◆ **DESCRIPTION OF THE TASK**
In the material below, find the span from the line with "蝙蝠侠, 艺术, Dc漫画, 超级英雄, 正义联盟 壁纸 1080x1920 允许" to the line with "나뭇가지 형상의 연결 구조 및 좌표계" and transcribe only those lines, exactly, ends included, without the pictures.

◆ **DATA PROVIDED**
+ + + + + + +

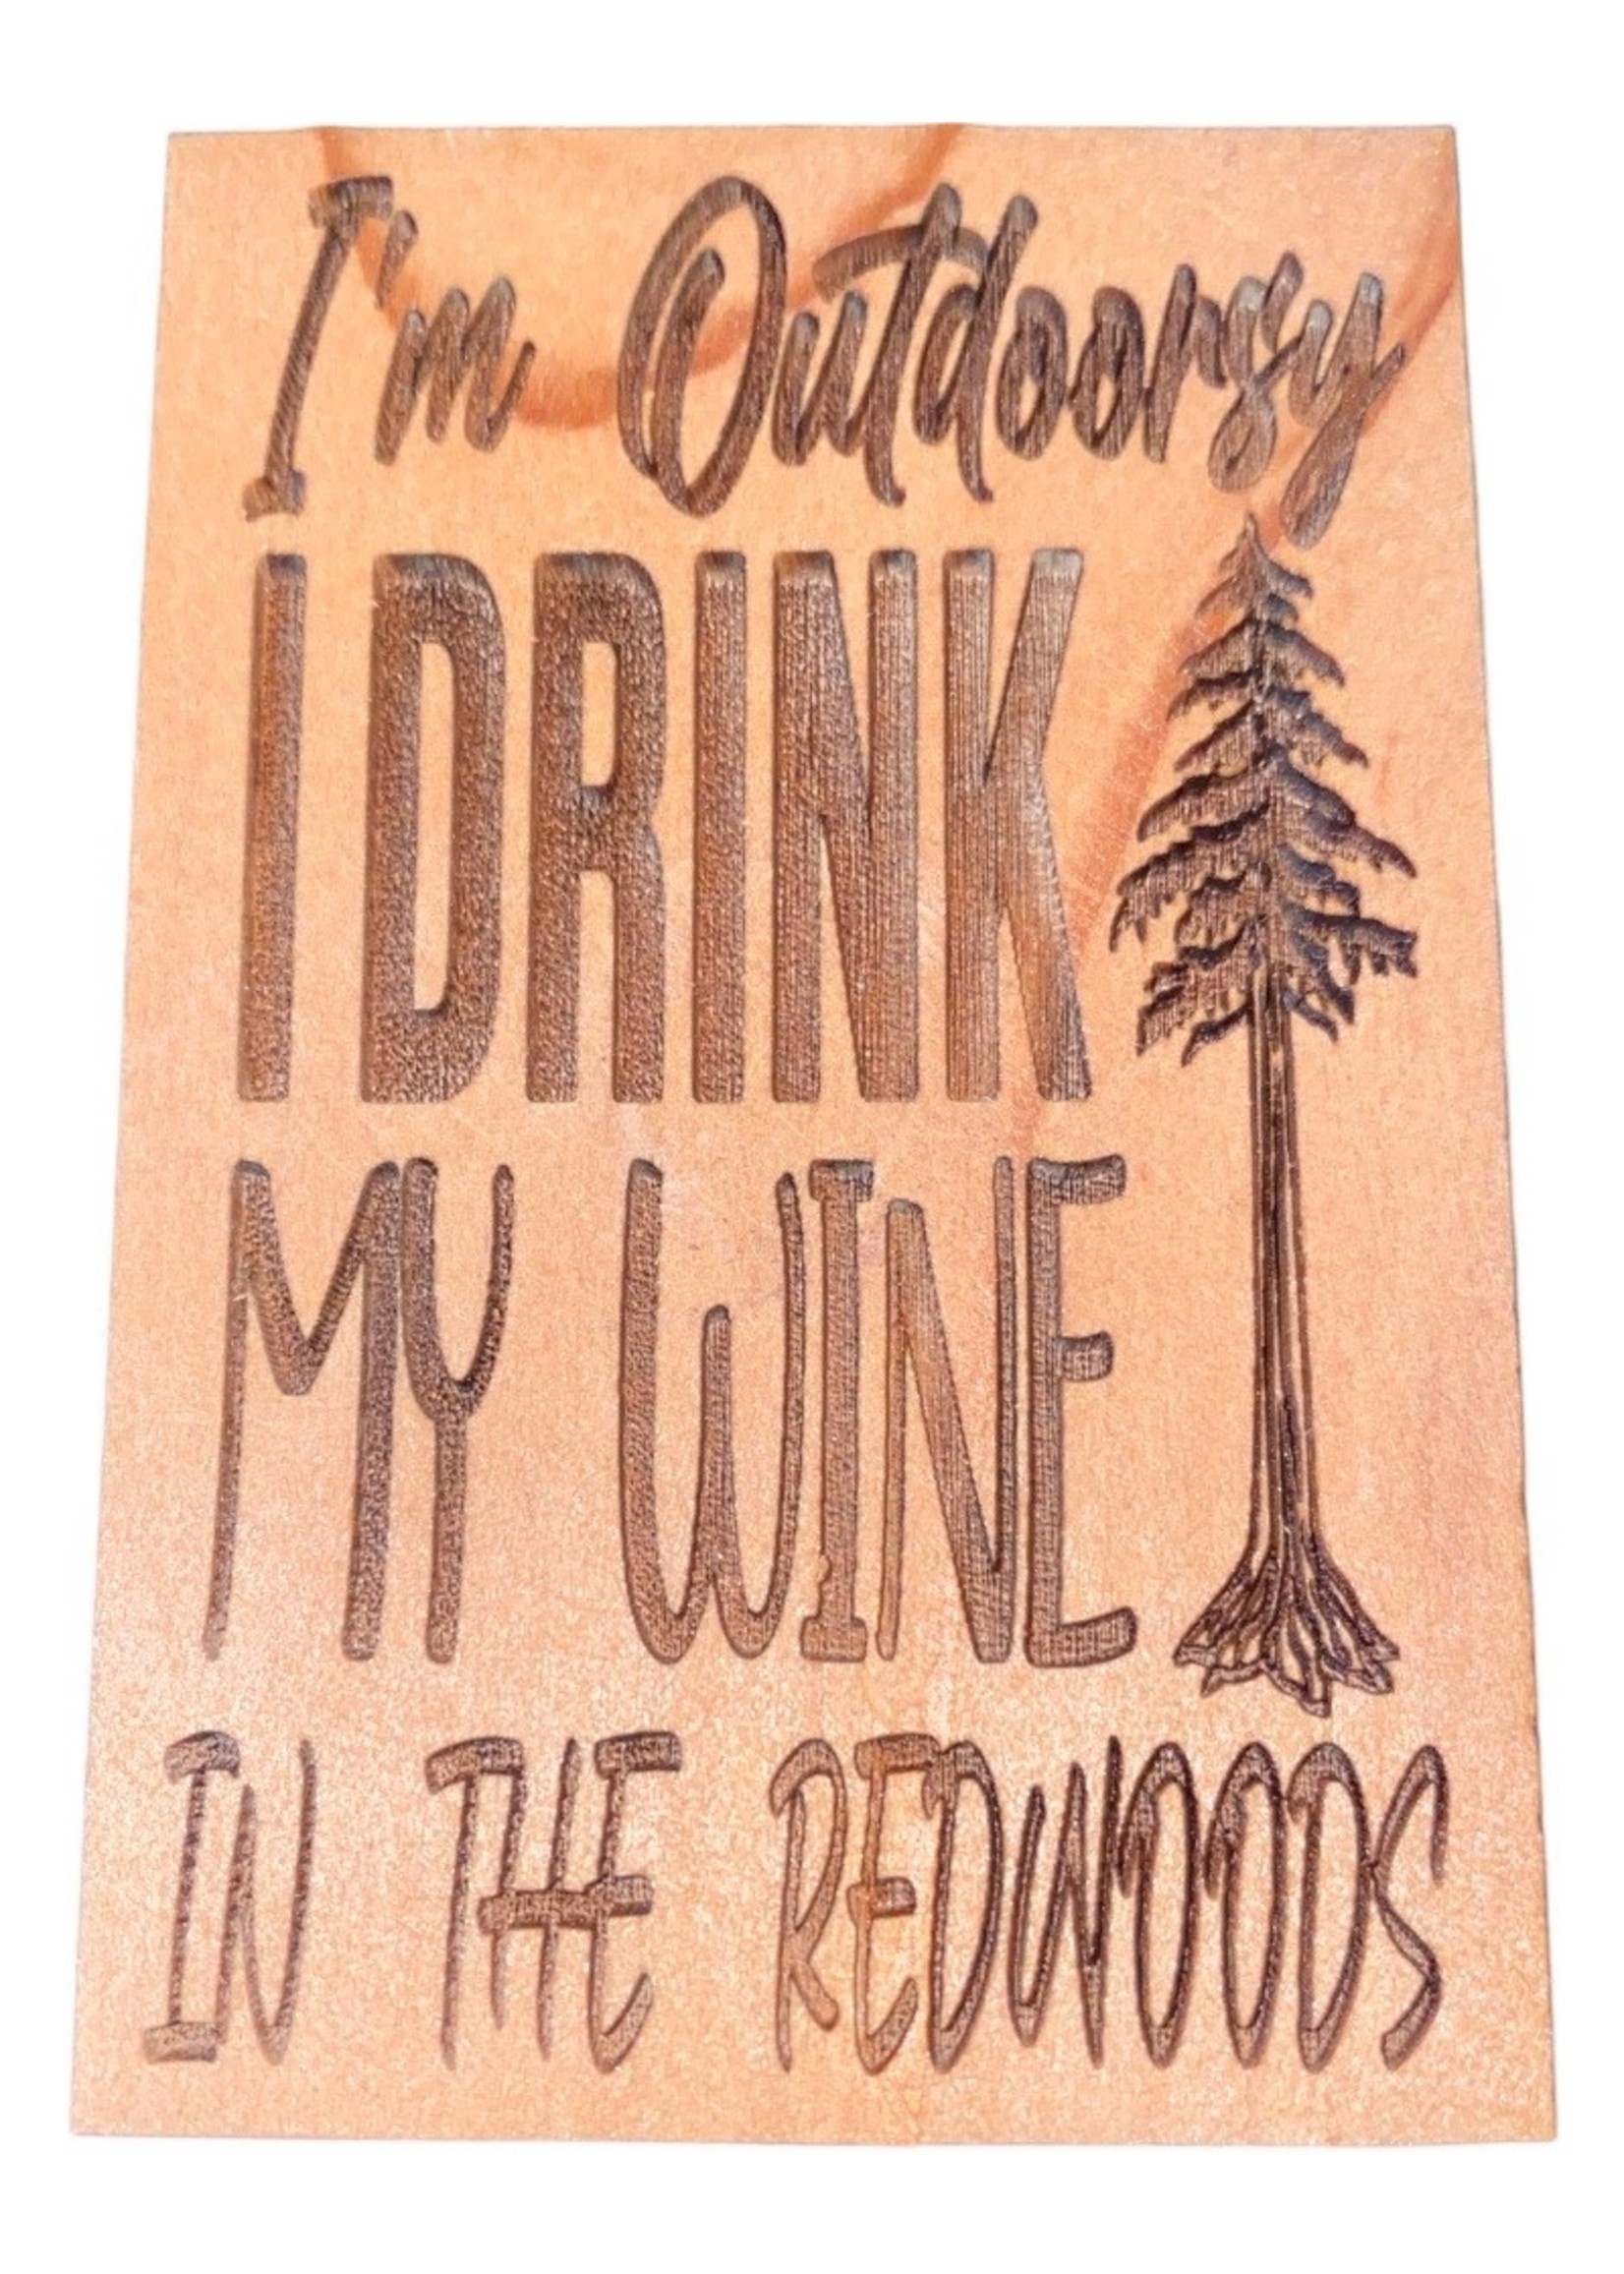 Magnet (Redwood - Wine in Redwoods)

+ + + + + + +

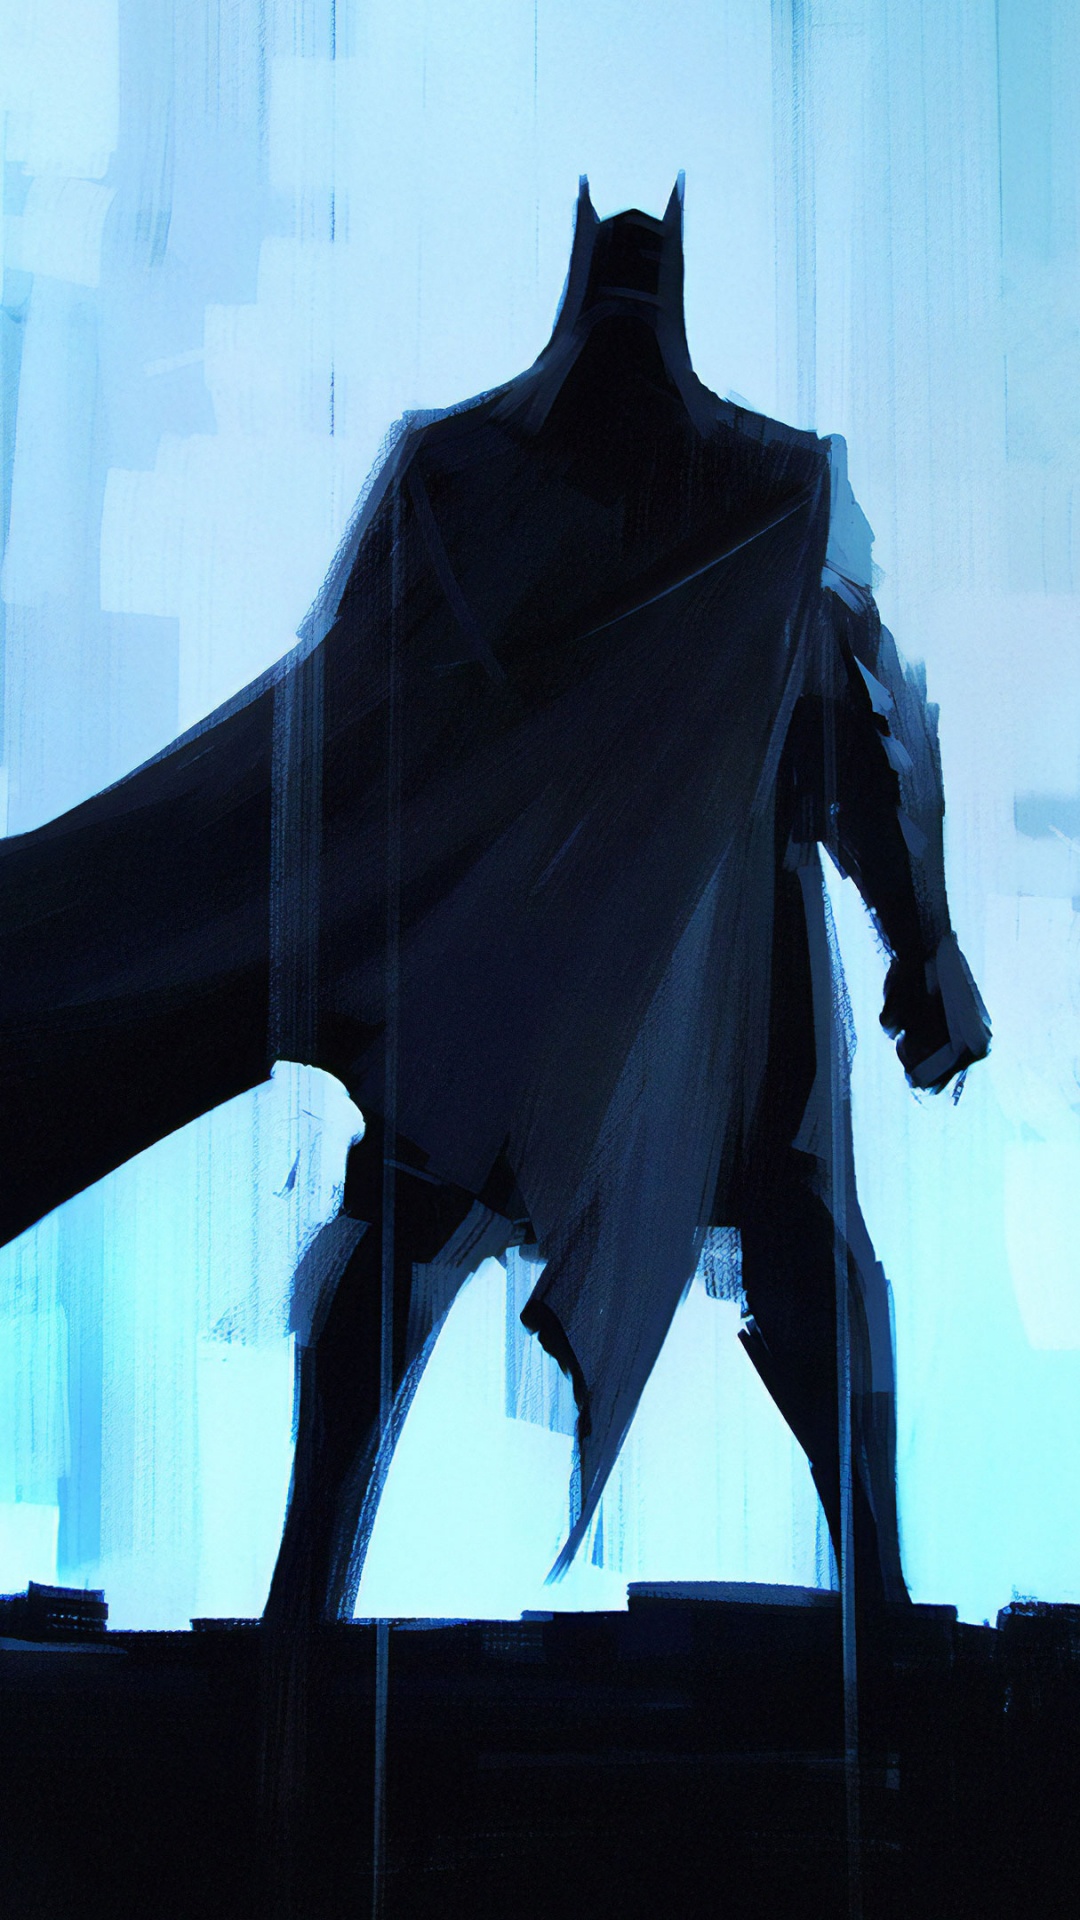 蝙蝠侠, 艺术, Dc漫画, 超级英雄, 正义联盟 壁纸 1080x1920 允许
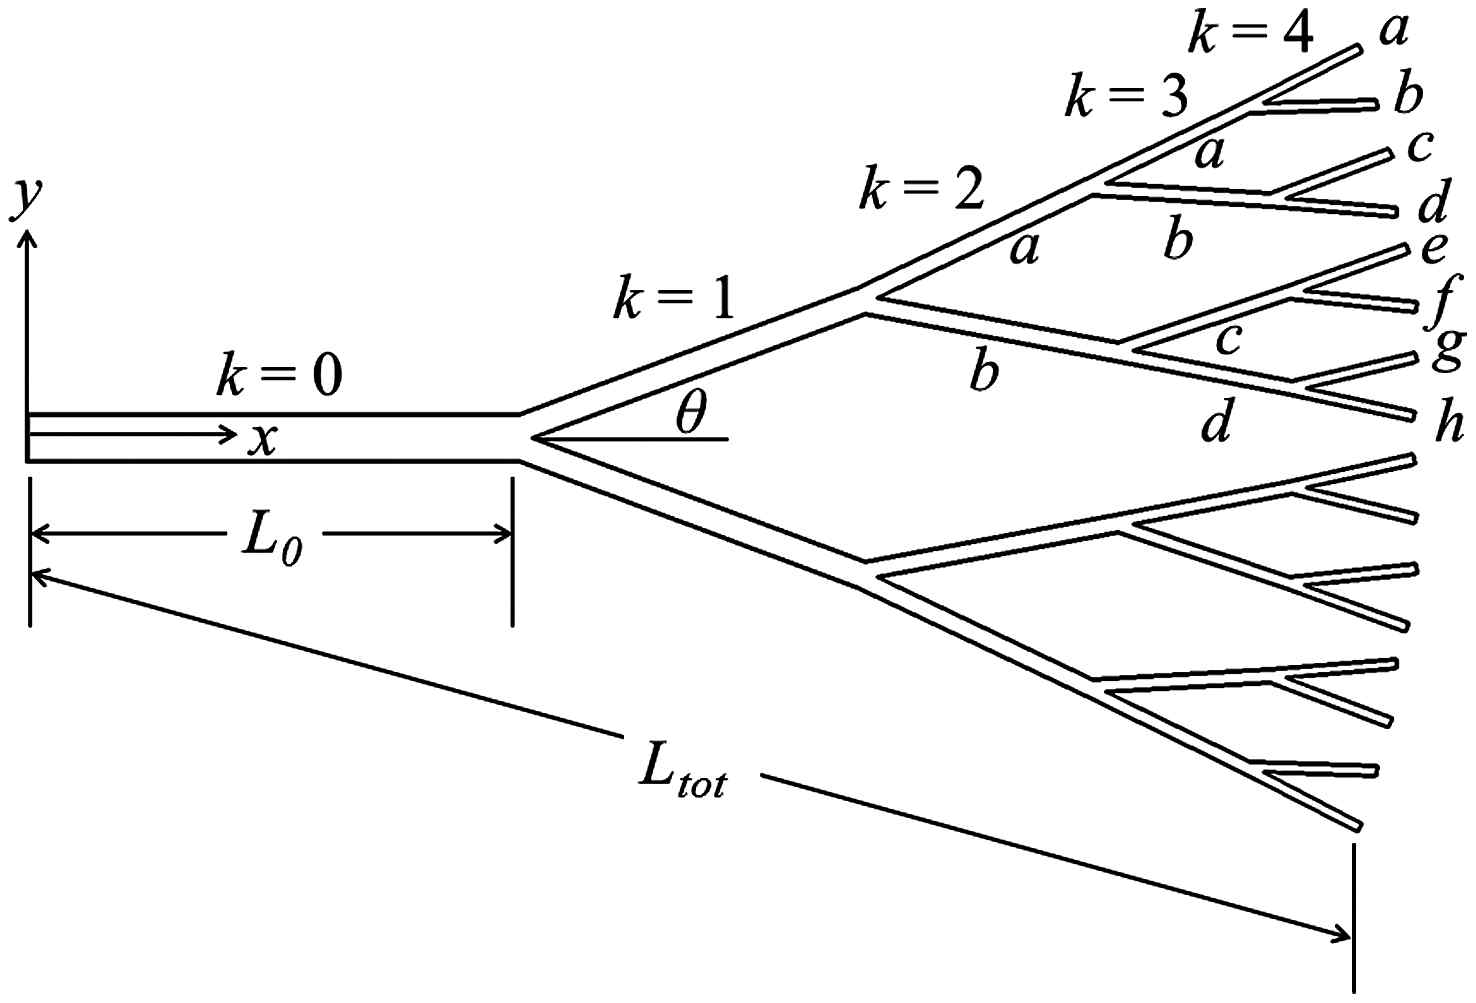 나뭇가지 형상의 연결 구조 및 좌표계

+ + + + + + +

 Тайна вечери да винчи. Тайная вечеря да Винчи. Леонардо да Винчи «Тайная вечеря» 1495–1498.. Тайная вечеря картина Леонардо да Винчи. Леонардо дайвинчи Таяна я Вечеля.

+ + + + + + +

◆ **ANSWER SPACE**
 蝙蝠侠, 艺术, Dc漫画, 超级英雄, 正义联盟 壁纸 1080x1920 允许
 나뭇가지 형상의 연결 구조 및 좌표계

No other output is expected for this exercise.